Modern stacks tie runbooks to alerts and to executable code. PagerDuty and Opsgenie let you attach a runbook URL to every alert. Jira Service Management, ServiceNow and Backstage (Spotify's open-source developer portal) host runbooks alongside service catalogs. The natural evolution is "runbook as code": idempotent scripts that humans can read but that machines can also execute — Ansible playbooks, Terraform modules, AWS Systems Manager Run Command, Rundeck. The Markdown runbook becomes the documentation around an automated procedure rather than a sequence of manual steps.

Anti-patterns to avoid

The four classic failures of runbook hygiene: (1) outdated content — "last reviewed 2019" is a red flag; teams should review runbooks at least quarterly, ideally via a Chaos Engineering exercise that actually runs them; (2) verbose preamble — by step 4 the on-call has stopped reading; put the commands up front; (3) missing rollback — every destructive step needs an explicit undo; (4) no verification step — "deploy succeeded" is not the same as "the service is healthy". The Google SRE book and the NSA Cybersecurity Operations runbooks are good public references for shape and tone.

FAQ

Does a runbook replace documentation? No — it complements it. Documentation explains what the system is and why it works that way. A runbook tells you what to do in a specific operational situation.
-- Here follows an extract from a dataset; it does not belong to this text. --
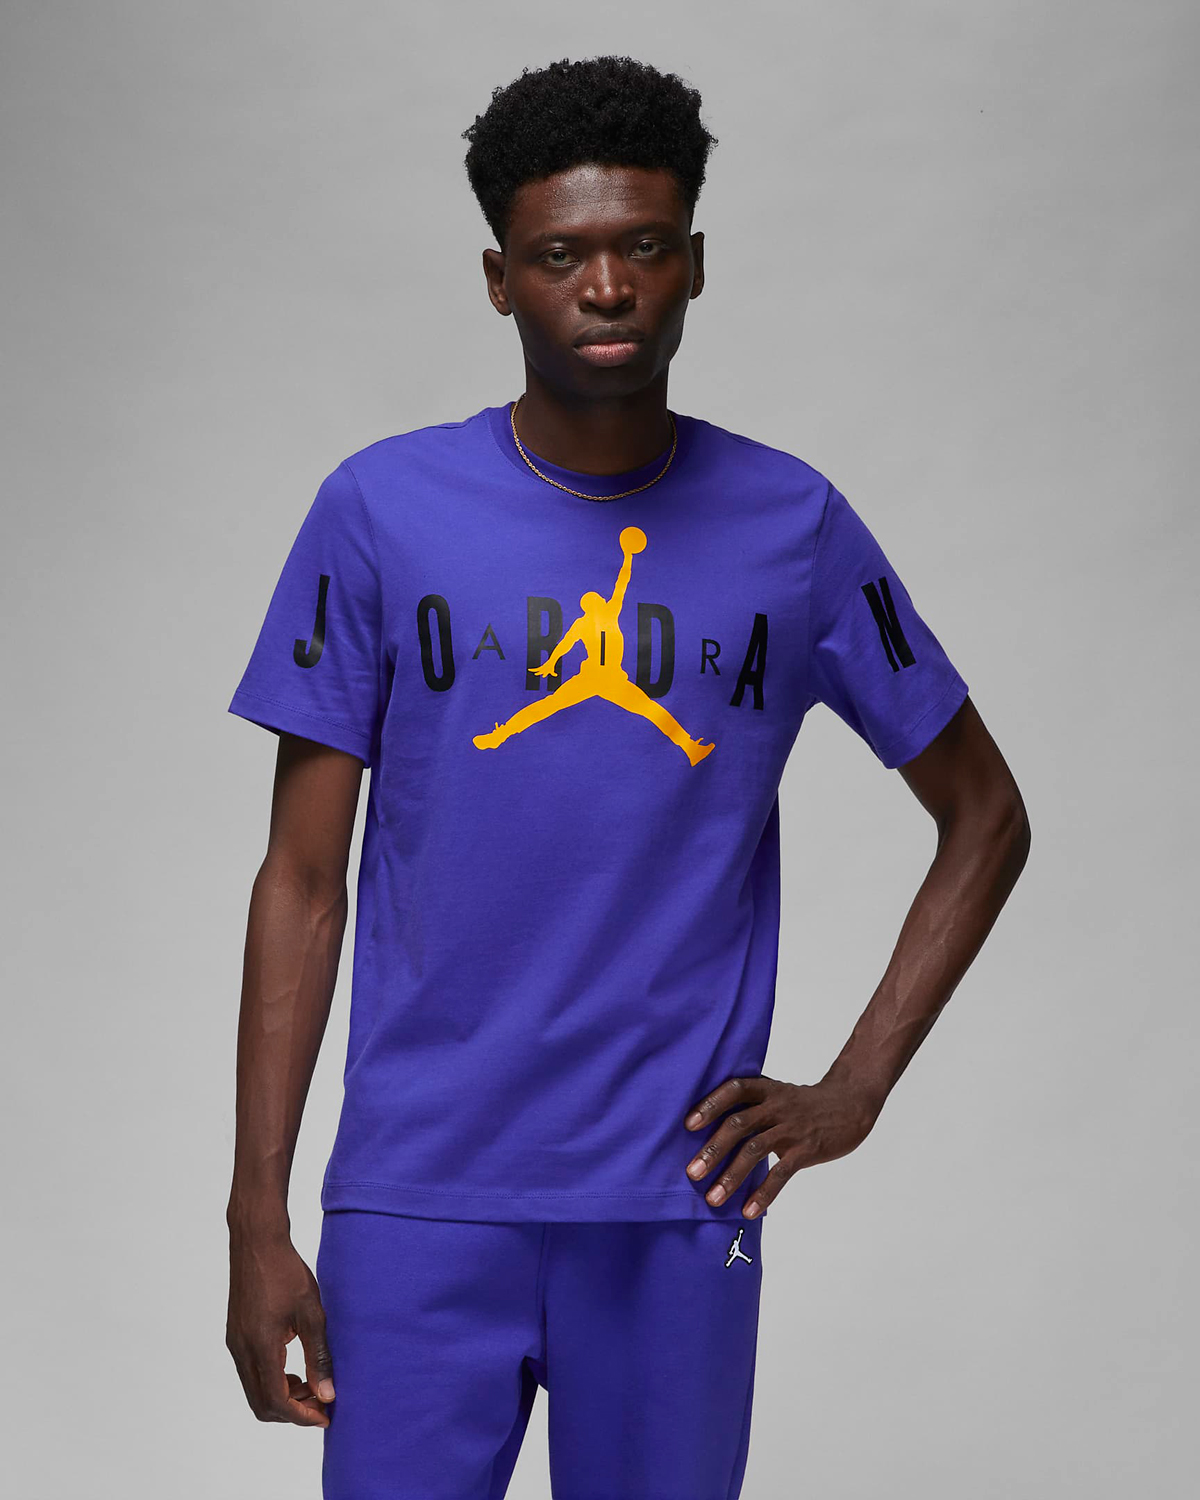 Air Jordan 1 Mid Lakers Shirts Hats Clothing Outfits

Is a runbook mandatory? For anything that goes on-call, yes. Most mature SRE teams refuse to take pager duty for a service that does not have runbooks for its top alerts.

Where should runbooks live? The pragmatic answer is "in two places": as Markdown in the service's git repo (versioned, code-reviewed), and rendered or copied into Confluence/Notion (searchable from the incident channel).

How do I know a runbook still works? Run it. Game days and Chaos Engineering exercises (Netflix's Chaos Monkey lineage) exist precisely to validate that runbooks are still accurate against the current production system.